Второе коренилось въ томъ огромномъ перевороте, какой произошелъ въ общественной жизни Германiи въ 1848 году и отразился не менее существенными измененiями въ жизни всехъ отдельныхъ личностей, стоявшихъ въ ту пору во главе германскаго радикализма.

Третье обстоятельство обусловливалось своеобразнымъ замкнутымъ характеромъ Штирнера, который, съ одной стороны, никому не сообщалъ никакихъ сведенiй о своей жизни, а съ другой стороны не имелъ столь близкихъ друзей, которые могли бы сообщить о немъ какiя-либо сведенiя въ теченiе кратковременнаго перiода его славы.
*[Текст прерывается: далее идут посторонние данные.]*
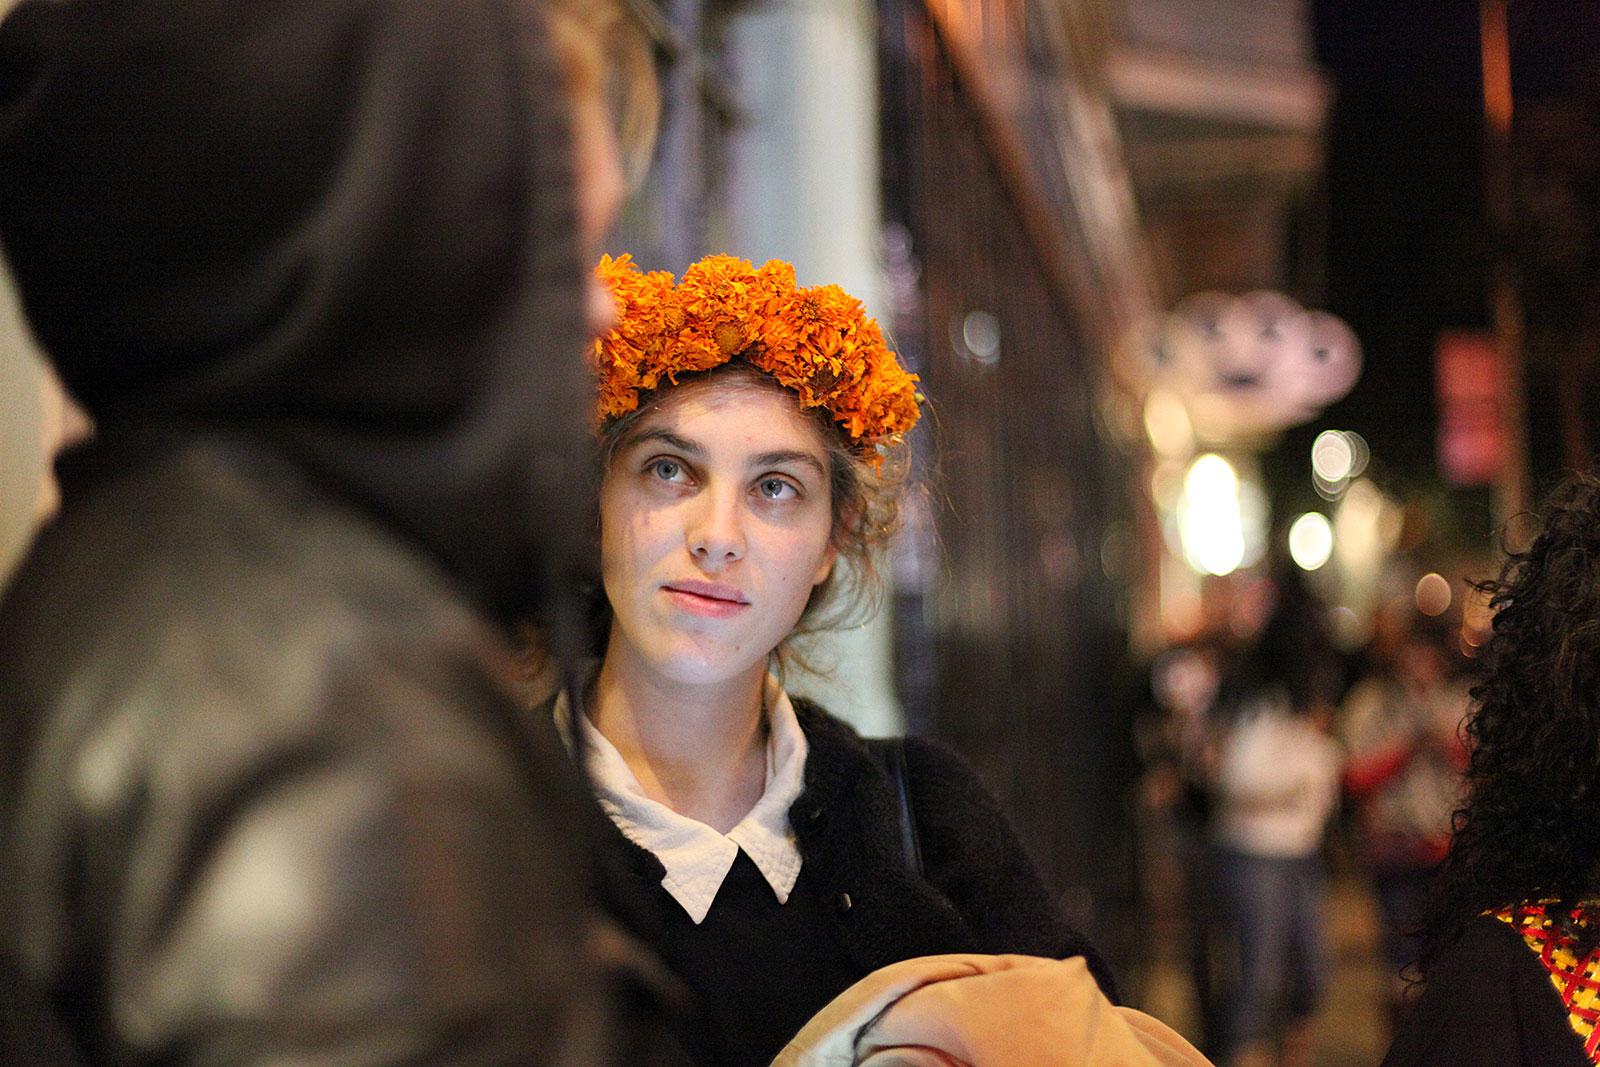 A woman in makeup on 24th Street. Photo by Hélène Goupil

Эти-то обстоятельства, вместе съ некоторыми другими случайностями, чрезвычайно затрудняли мою работу, и я смело могу сказать, что каждый отдельный фактъ бiографическаго матерiала мне приходилось выкапывать, по кусочкамъ, изъ-подъ мусора годовъ.
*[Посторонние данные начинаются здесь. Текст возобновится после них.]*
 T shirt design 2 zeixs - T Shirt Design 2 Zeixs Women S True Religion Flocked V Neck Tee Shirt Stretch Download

Во всякомъ случае, эту работу необходимо было сделать какъ можно скорее: прошло бы еще летъ двадцать,-и последнiя личныя воспоминанiя о Максе Штирнере и его времени исчезли бы навсегда.

Хотя мои изследованiя часто прерывались вследствiе другихъ, собственныхъ моихъ работъ, однако, я все-таки не упускалъ изъ виду своей цели и медленно, очень медленно, прибавлялъ одну находку къ другой, чтобы иметь возможность положить новый камень въ основу задуманной мною реставрацiи.

Отыскана была сравнявшаяся съ землею могила, а также и домъ, въ которомъ Штирнеръ прожилъ последнiе годы своей жизни. Могила, которой угрожало полнейшее уничтоженiе, была прiобретена на тридцать летъ, Такимъ образомъ, одна находка следовала за другою.

Въ начале 1892 года я, после многолетняго отсутствiя, снова прiехалъ въ Берлинъ, желая лично на месте продолжать свои разследованiя и по возможности скорее ихъ завершить. Я напечаталъ объявленiе о томъ, что я намеренъ прибить памятную доску къ тому дому, въ которомъ жилъ и умеръ Штирнеръ, и положить плиту на его могилу, "чтобы эти внешнiе следы его великой жизни не были совершенно уничтожены временемъ". Къ этому предложенiю все отнеслись въ высшей степени равнодушно. Для устраненiя ошибочнаго толкованiя моихъ намеренiй позволю себе заметить, что въ своемъ решенiи я руководился не сентиментальнымъ чувствомъ, а соображенiемъ о томъ, что я могу такимъ путемъ содействовать полезному распространенiю воспоминанiй о забытомъ мыслителе.

Одинъ только Гансъ фонъ-Бюловъ, который такъ часто обнаруживалъ горячiй интересъ ко всему непризнаваемому толпою, поддержалъ меня въ этомъ намеренiи. Онъ некогда лично зналъ Штирнера всегда былъ восторженымъ поклонникомъ его произведенiя и всеми зависевшими отъ него средствами старался объ осуществленiи моей идеи. Наши сношенiя въ эти незабвенные для меня дни послужили поводомъ къ упоминанiю о Штирнере въ замечательной речи, произнесенной Бюловымъ, въ конце марта, въ Филармоническомъ обществе, въ которой онъ применилъ героическую симфонiю Бетховена къ князю Бисмарку.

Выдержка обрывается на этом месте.